Task prompt: All the lines below need retyping exactly, apart from the images.

Data block:
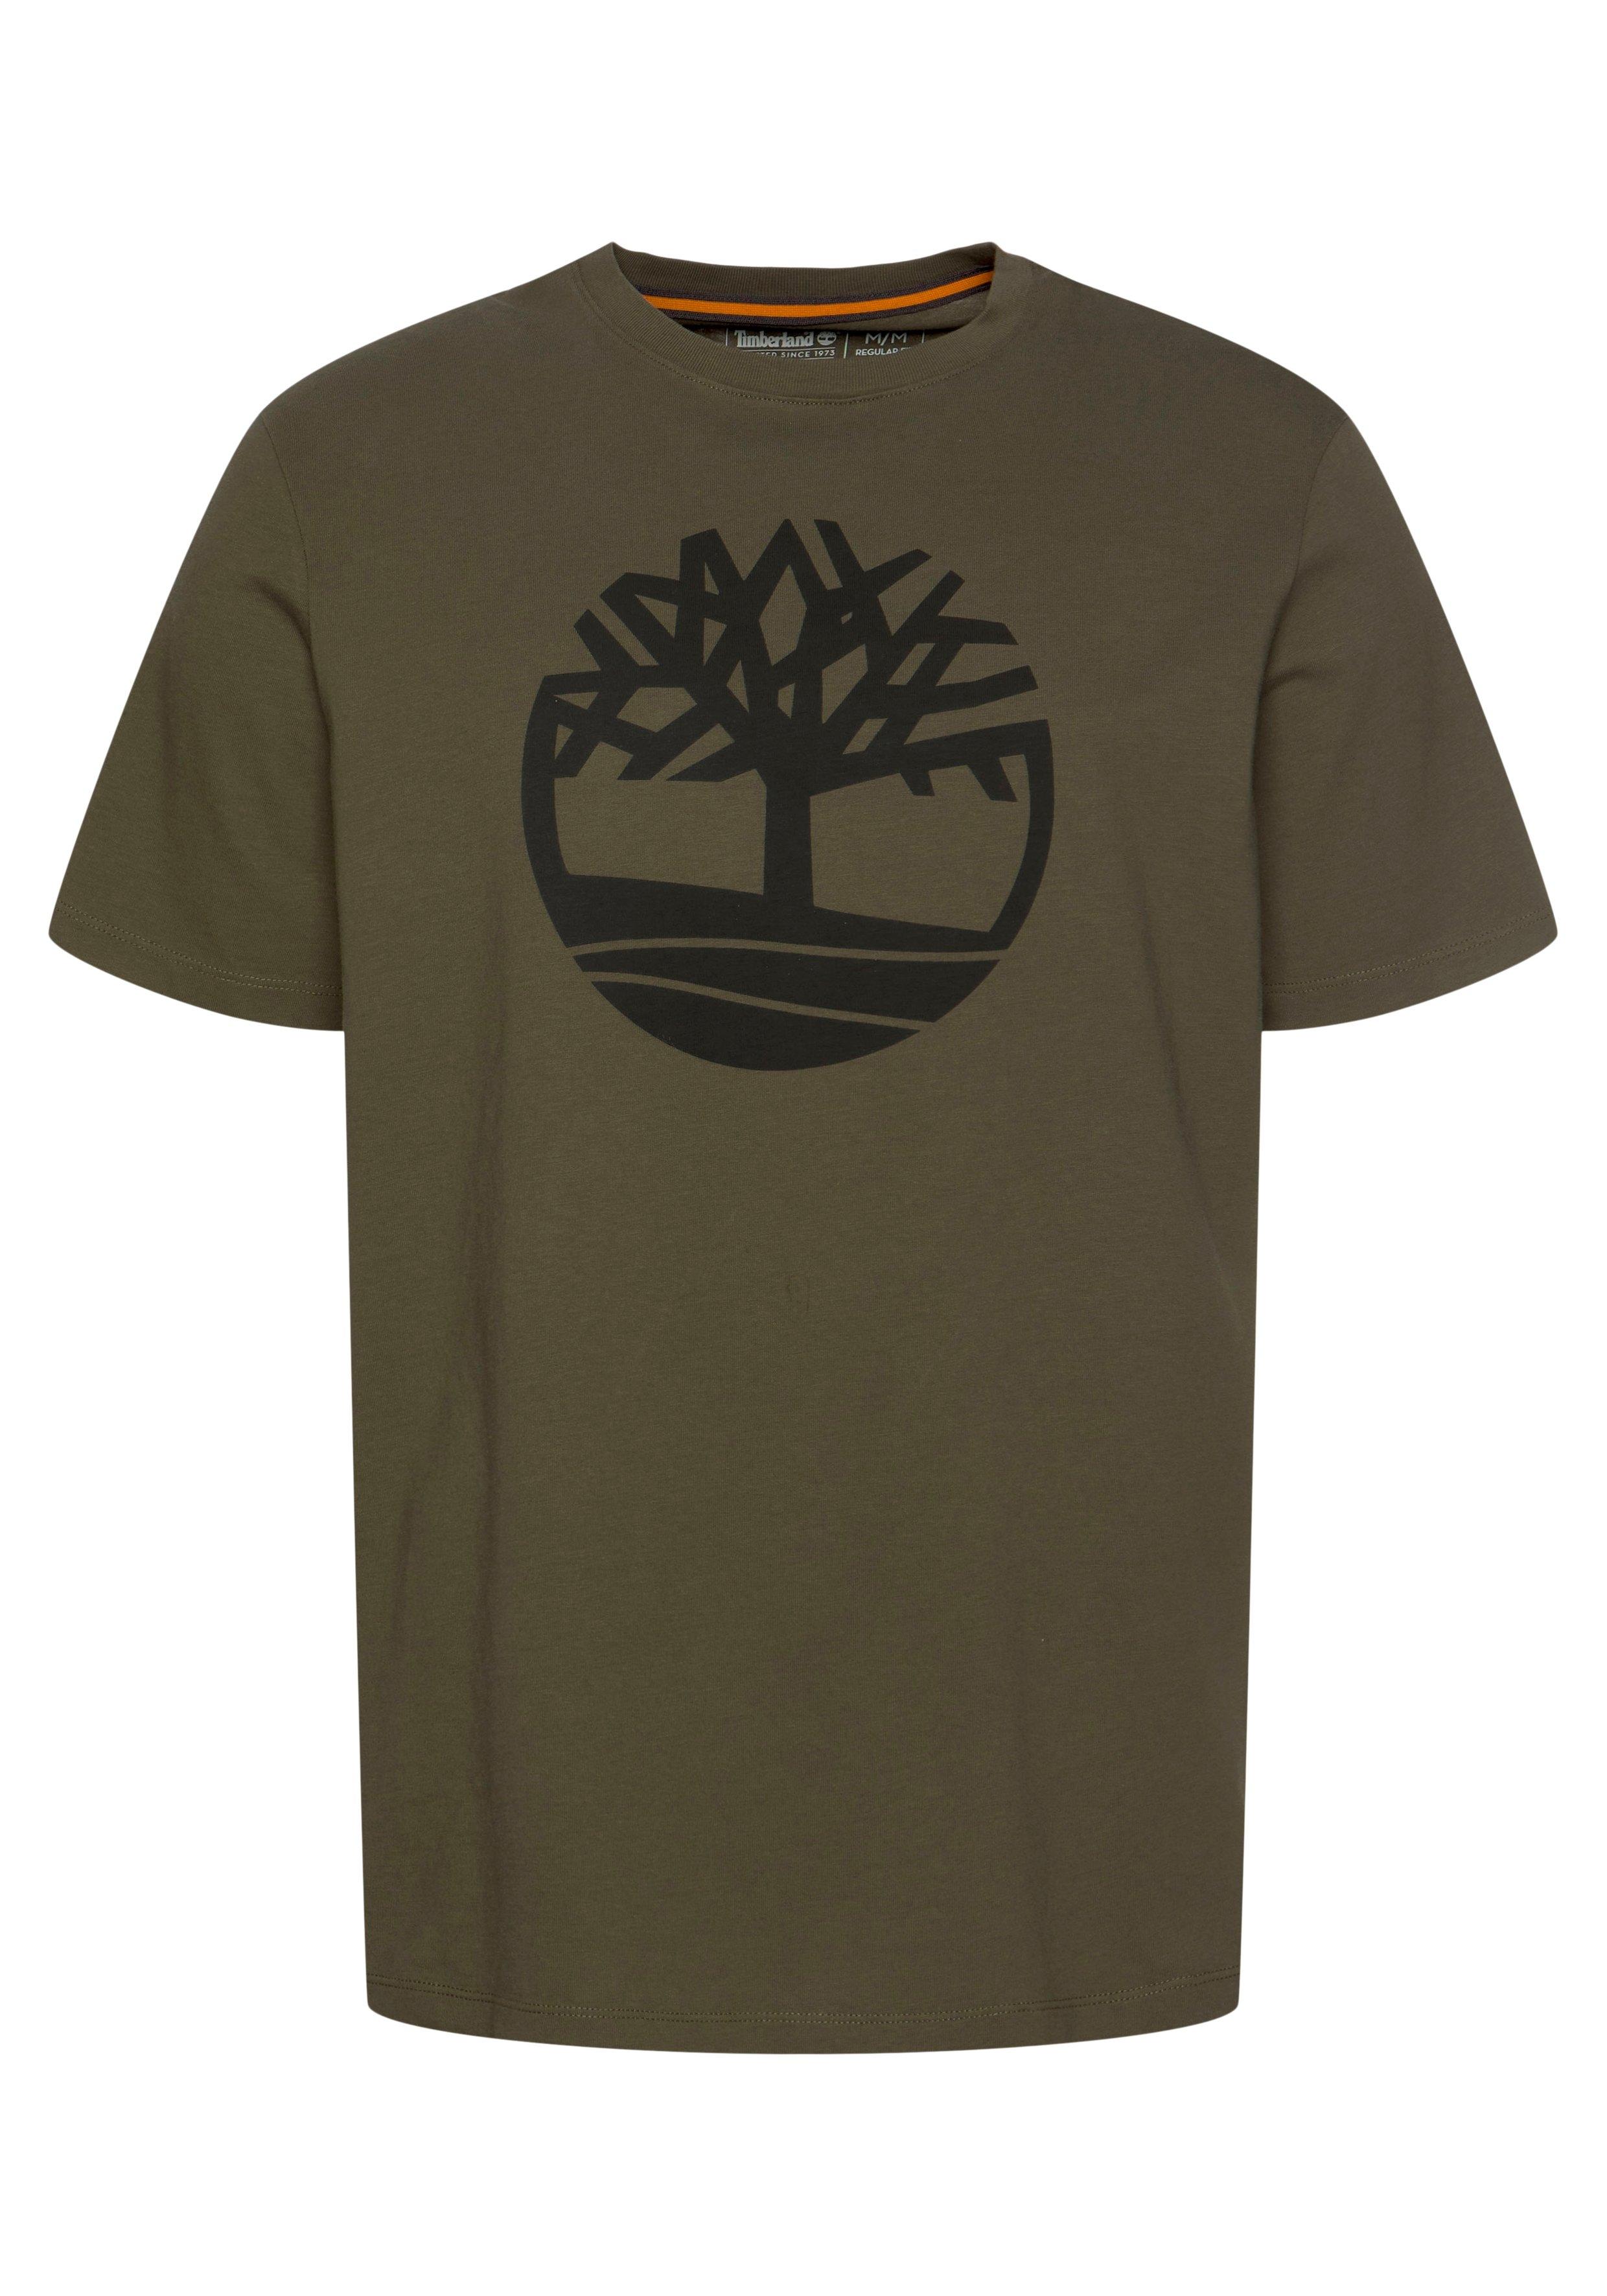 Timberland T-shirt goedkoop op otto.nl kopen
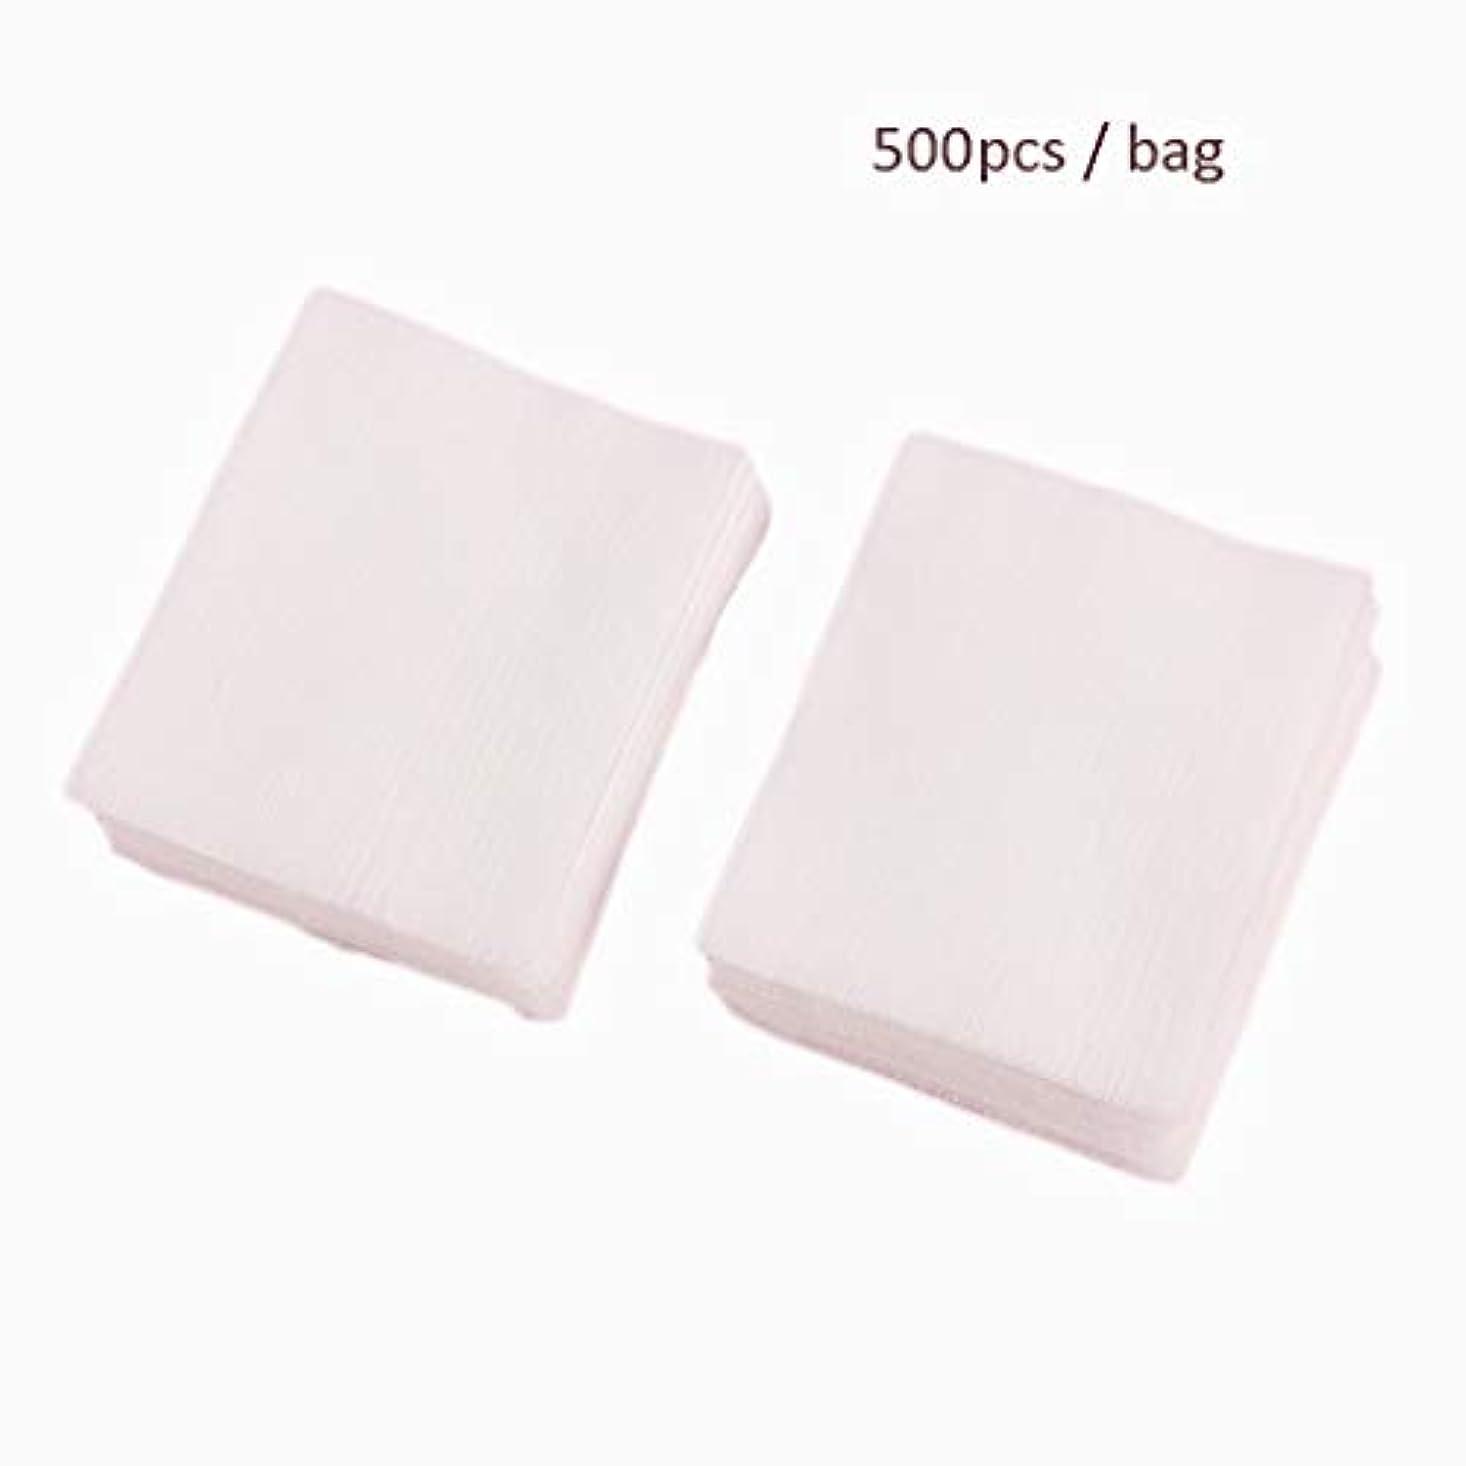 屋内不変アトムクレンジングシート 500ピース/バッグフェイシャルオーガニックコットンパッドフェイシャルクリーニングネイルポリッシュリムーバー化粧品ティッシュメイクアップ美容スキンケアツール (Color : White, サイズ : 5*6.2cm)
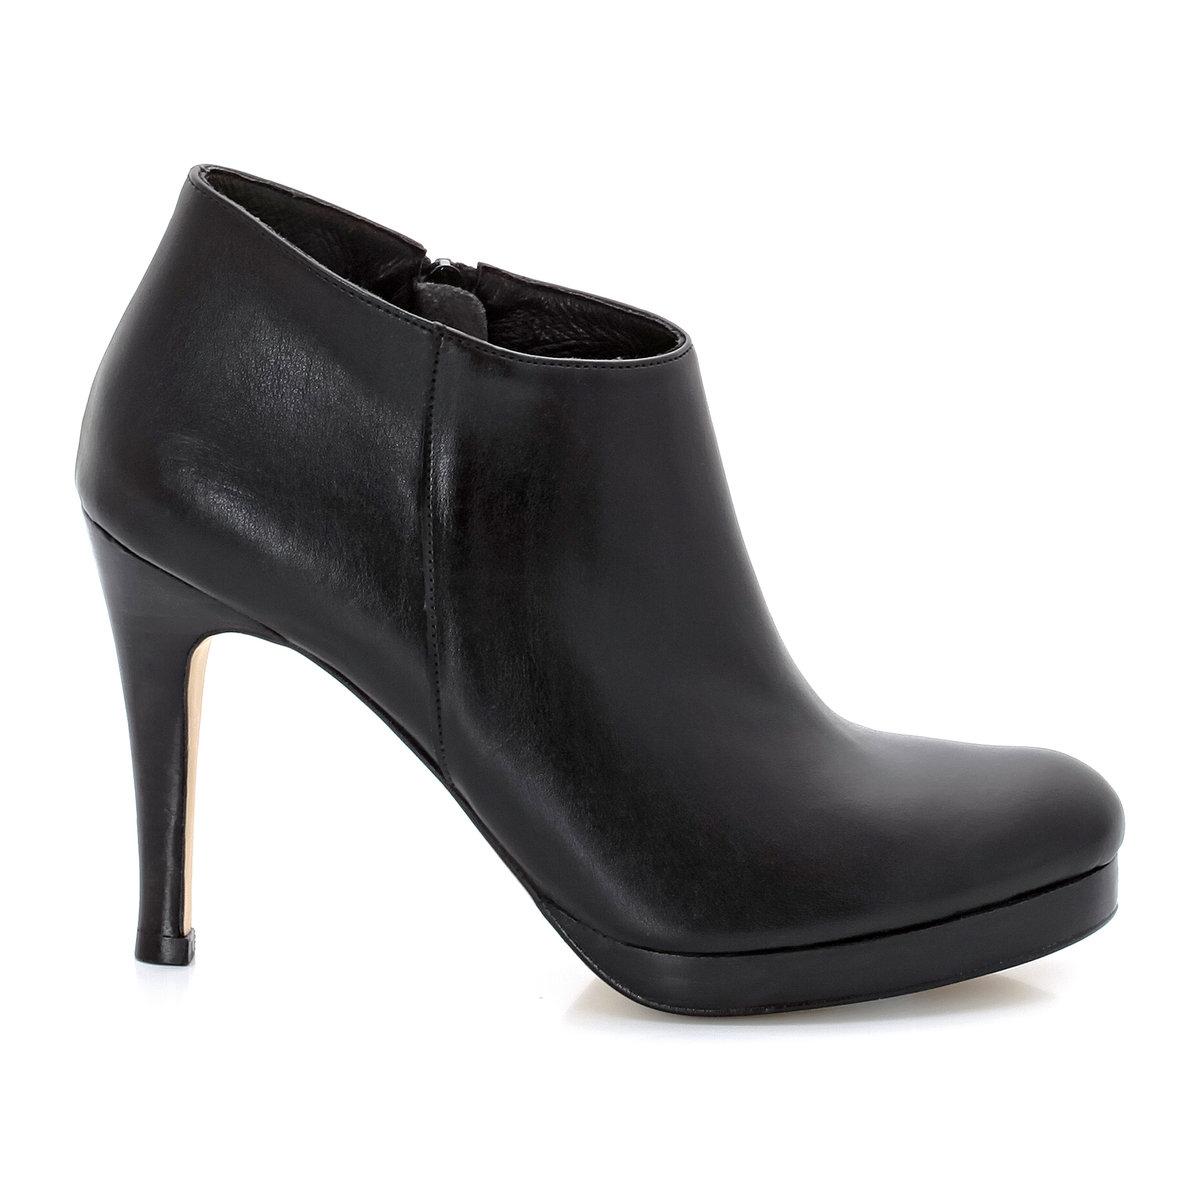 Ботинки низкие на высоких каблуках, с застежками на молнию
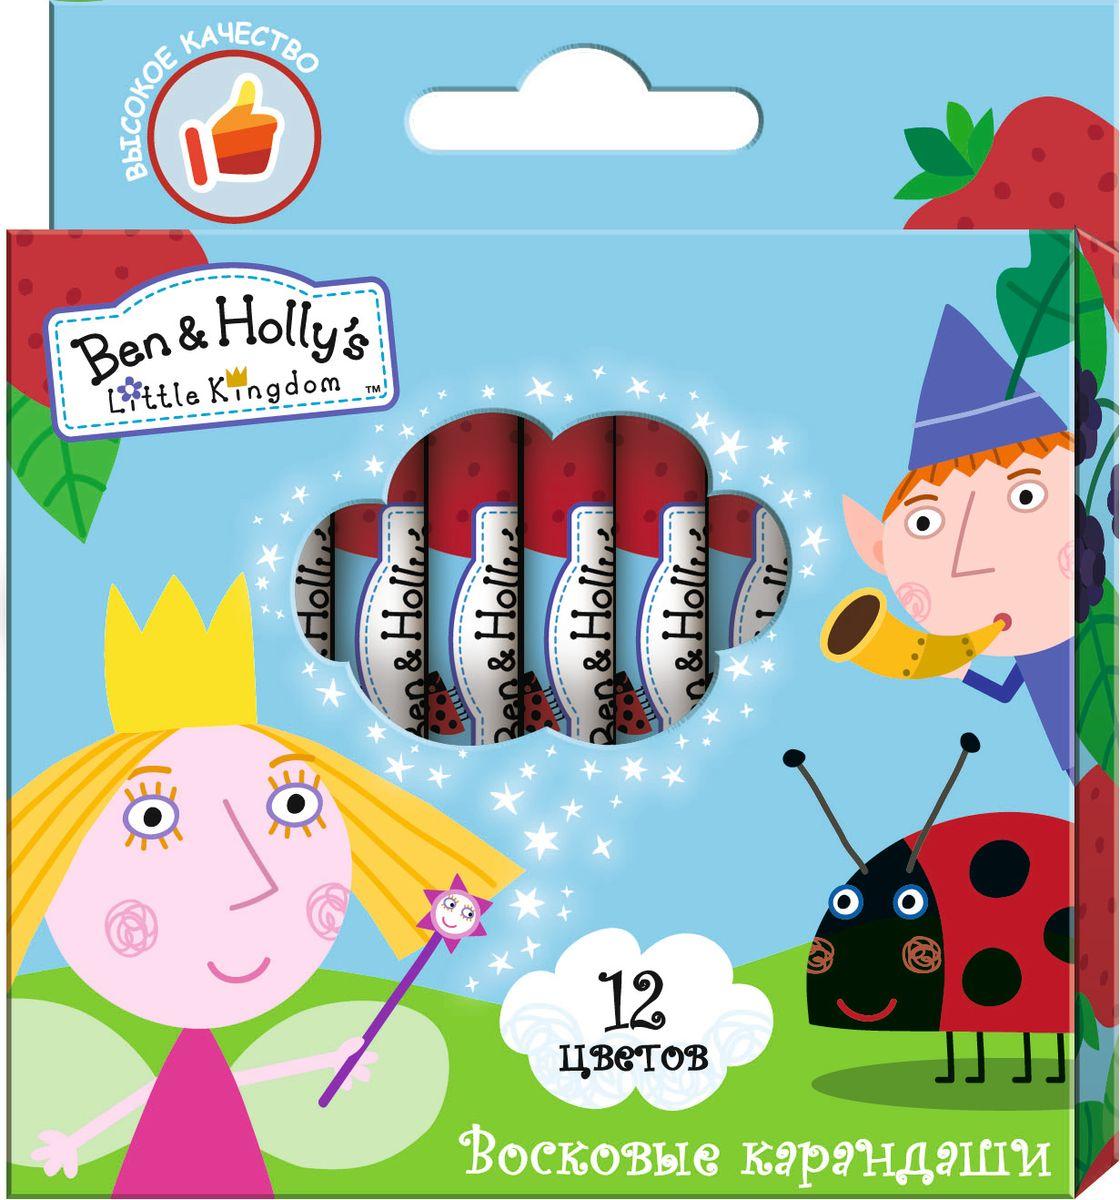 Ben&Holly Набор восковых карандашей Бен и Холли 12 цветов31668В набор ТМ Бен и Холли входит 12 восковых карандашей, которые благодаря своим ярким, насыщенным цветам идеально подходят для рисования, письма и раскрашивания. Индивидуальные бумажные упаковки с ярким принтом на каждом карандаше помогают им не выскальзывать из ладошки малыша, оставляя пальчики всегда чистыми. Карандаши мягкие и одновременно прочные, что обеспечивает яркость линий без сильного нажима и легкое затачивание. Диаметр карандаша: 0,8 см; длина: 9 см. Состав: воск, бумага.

Written solution:
 Timberland T-shirt goedkoop op otto.nl kopen
 屋内不変アトムクレンジングシート 500ピース/バッグフェイシャルオーガニックコットンパッドフェイシャルクリーニングネイルポリッシュリムーバー化粧品ティッシュメイクアップ美容スキンケアツール (Color : White, サイズ : 5*6.2cm)
 Ботинки низкие на высоких каблуках, с застежками на молнию
 Ben&Holly Набор восковых карандашей Бен и Холли 12 цветов31668В набор ТМ Бен и Холли входит 12 восковых карандашей, которые благодаря своим ярким, насыщенным цветам идеально подходят для рисования, письма и раскрашивания. Индивидуальные бумажные упаковки с ярким принтом на каждом карандаше помогают им не выскальзывать из ладошки малыша, оставляя пальчики всегда чистыми. Карандаши мягкие и одновременно прочные, что обеспечивает яркость линий без сильного нажима и легкое затачивание. Диаметр карандаша: 0,8 см; длина: 9 см. Состав: воск, бумага.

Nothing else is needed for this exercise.